The dispatch appeared under the headline, “Israeli Preference for Nixon Hinted.” and stated that Ambassador Rabin had “indicated that he would favor President Nixon’s re-election in November’s election.” It quoted the Israeli Ambassador as saying, “while we appreciate support in the form of words we are getting from one camp, we must prefer support in the form of deeds from the other camp.”

Rabin said he was misquoted. He said that in the original interview, conducted in Hebrew, he had indeed distinguished between support by words and support by deeds but did not relate them to either “camp.” He stressed that the policy of the Israel Government and its Embassy is not to interfere in any domestic affairs of the US. In more than four years as Ambassador in Washington he said, he had pursued that policy and would continue to pursue it as long as he is Ambassador.

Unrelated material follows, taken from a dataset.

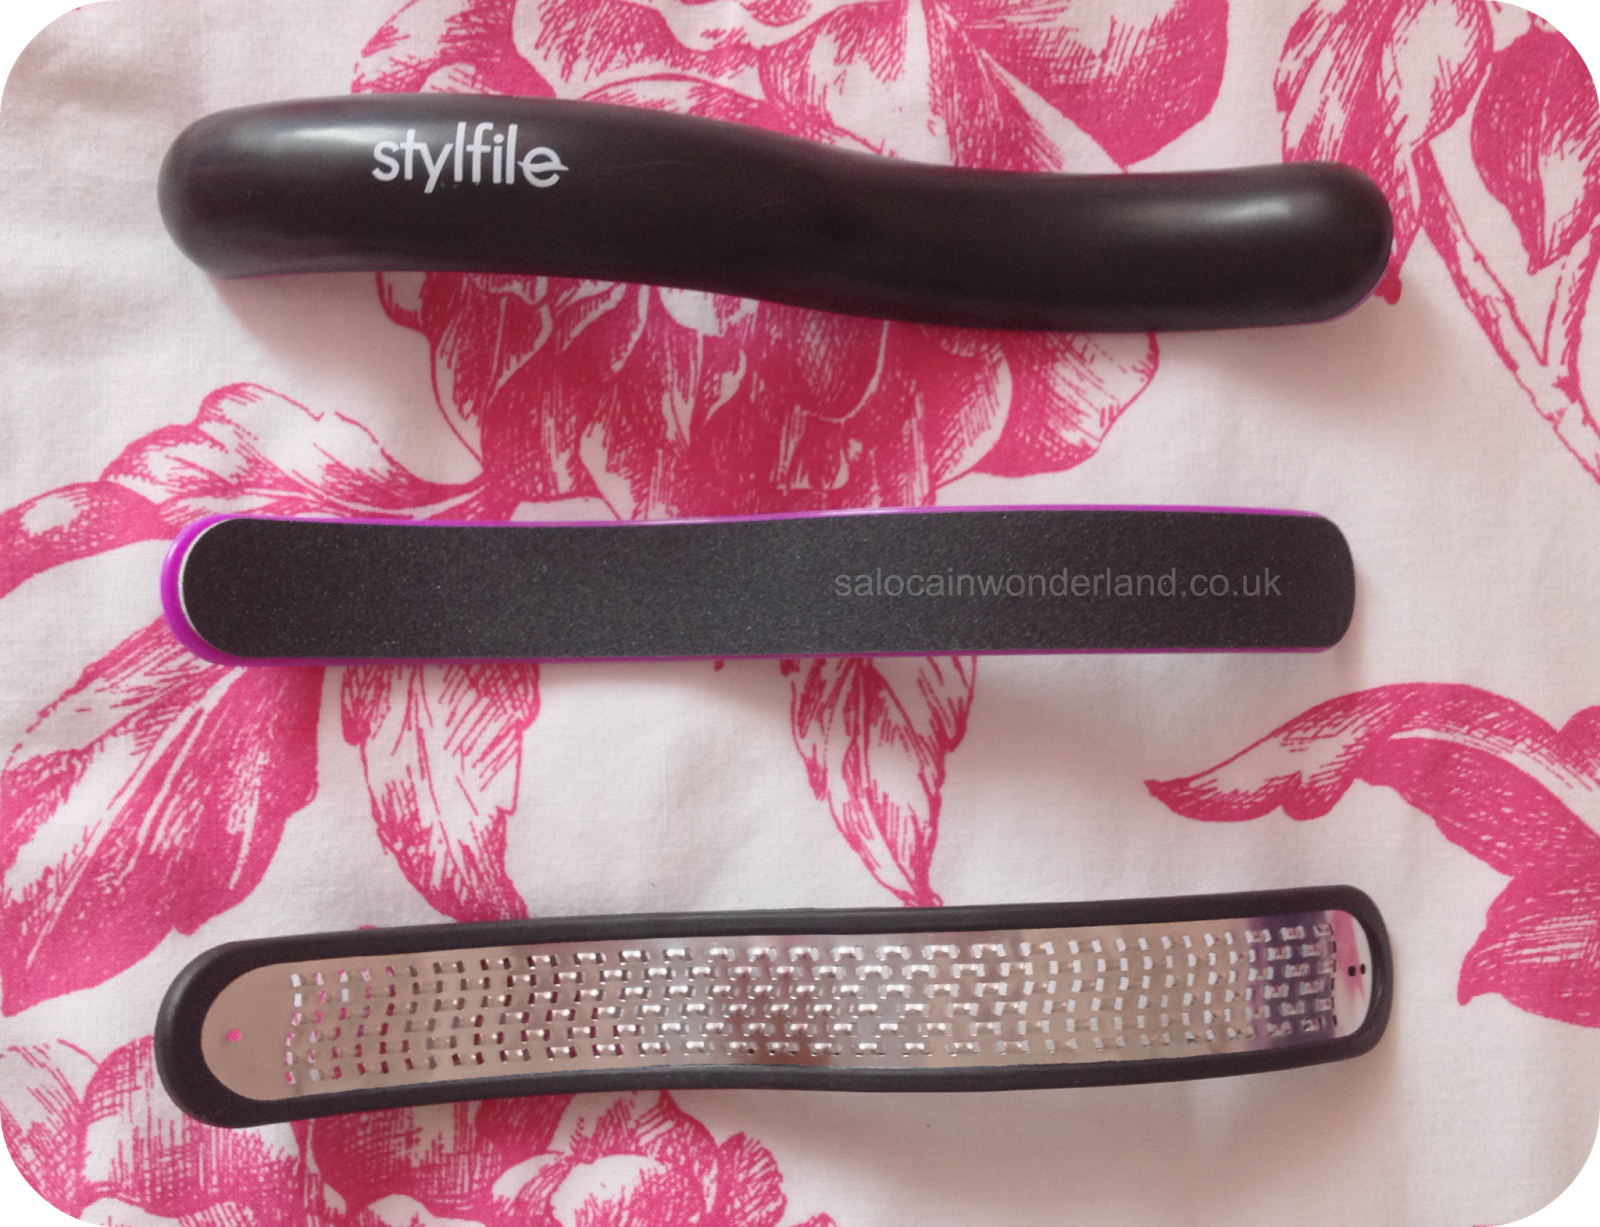 s-ped stylfile review

Rabin expressed “disgust” at the anonymous Israeli officials which the dispatch said had “expressed their view that this time the ambassador may get a severe reprimand perhaps from the ‘highest possible sources’ perhaps even from Prime Minister Golda Meir.”

“I am not aware up to this time-which is 6:30 p.m. in Israel-about a reprimand for what I said from my authorities,” Rabin told the newsmen. He said it was “ironic that no American reporter has put into writing what the article from Jerusalem tried to relate to me and put in the name of Israeli officials.” He said it was “shocking and inconceivable that any responsible Israeli official would try to misread-give the interpretation that the reporter from Israel has given my interview.”

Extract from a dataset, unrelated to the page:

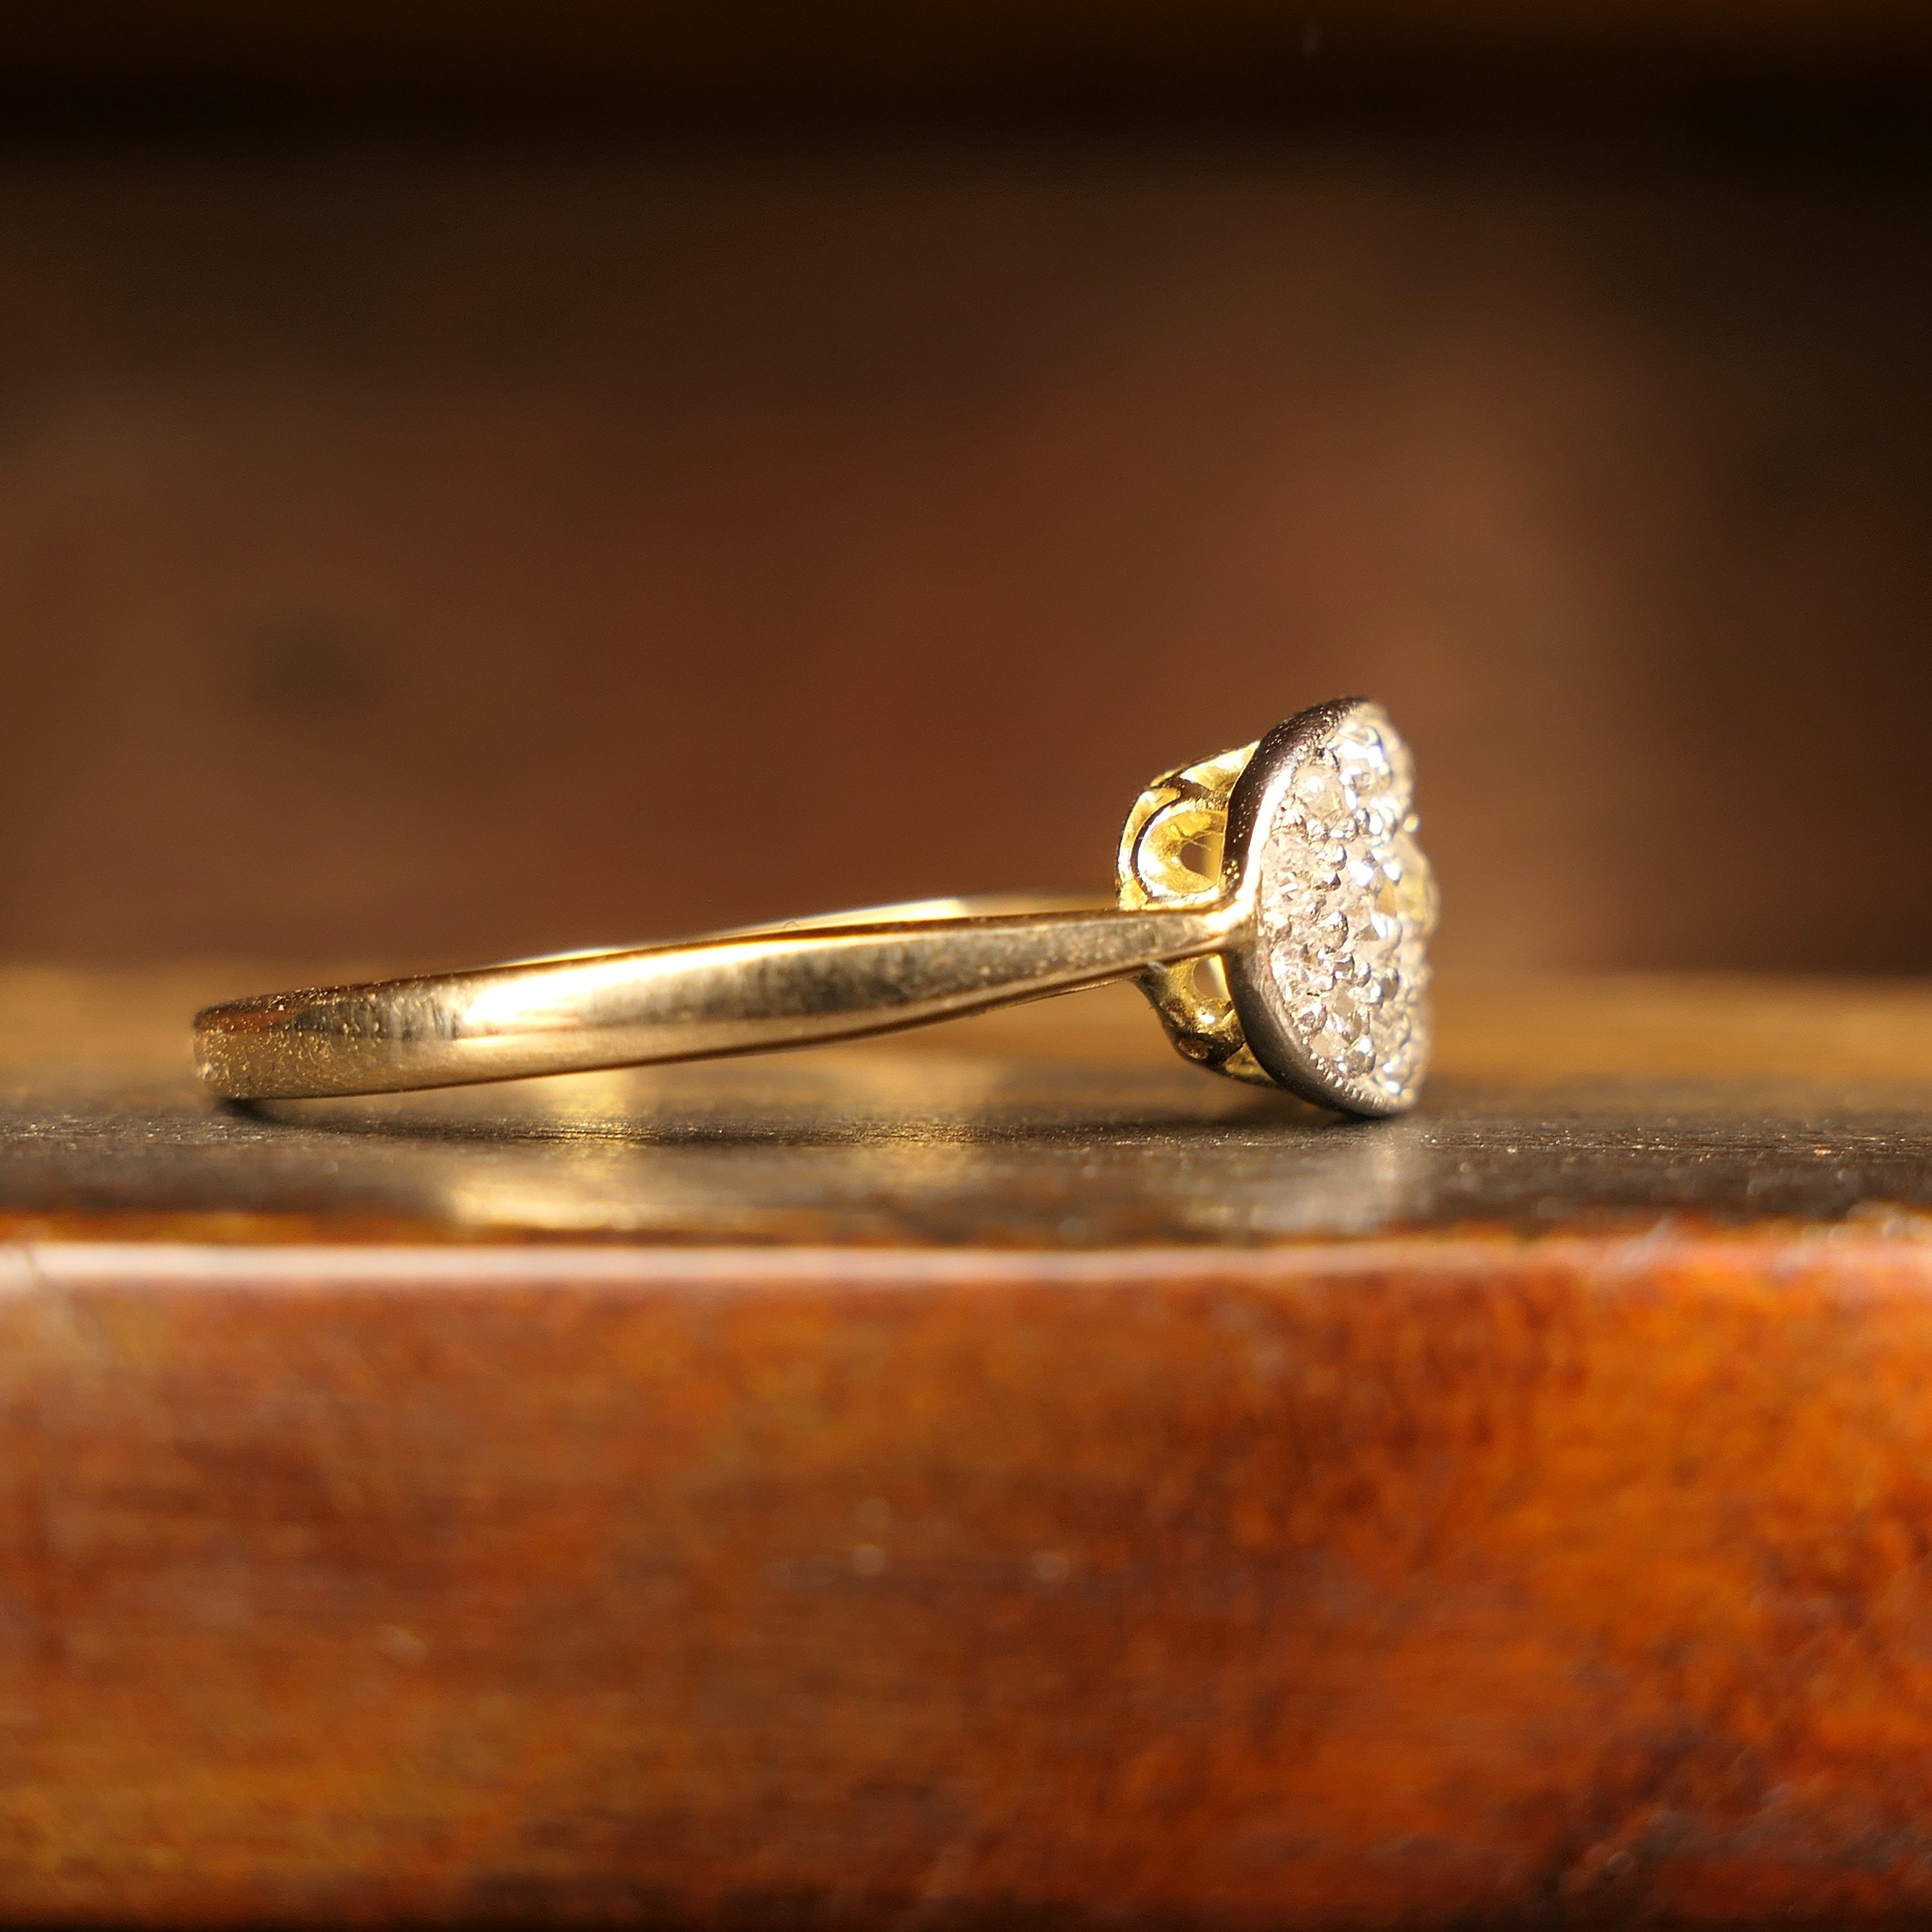 Early 20th century, 18ct gold & platinum, old cut diamond cluster ring, c1910

Israeli sources in Washington said today that the Post story represented an “unprecedented attempt by certain circles in Israel who are so cowardly that they use an Israeli who serves as a reporter for an American newspaper to put such an interpretation” on Ambassador Rabin’s “actions and words.” The sources described the Post article as an attempt to “sabotage” the Ambassador’s “successful efforts” to improve relations between Israel and the US by “informing the public in the US and Israel what the positions are of the various candidates in regard to Israel.”

“Our policy has always been to praise those who help Israel,” one Israeli source emphasized. “If you will refer to the actual interview you can see that throughout the years only the White House has over-ridden the bureaucracy in supporting Israel, and not only one administration,” the source said, noting that Rabin’s interview had started with praise for President Truman’s support for Israel.

Asked whether Ambassador Rabin had ever said publicly or privately whether he favored President Nixon, the source replied that the Ambassador has only spoken of matters relating to Israel and the US and that there was nothing in the interview that went beyond matters directly affecting Israel and the Middle East. No American has approached the Ambassador about today’s story in the Washington Post, the source said.

Rabin said that he was quoted correctly in the dispatch as saying that no other American President had made such a far-reaching statement committing the US to support Israel’s existence as the declaration made by President Nixon in his address to Congress upon his return from the summit conference in Moscow. In that address, Nixon said, “Our summit conversations about the Middle East situation was also full, frank and extensive. I reiterated the American people’s commitment to the survival of Israel and to a settlement just to all the countries in the area.”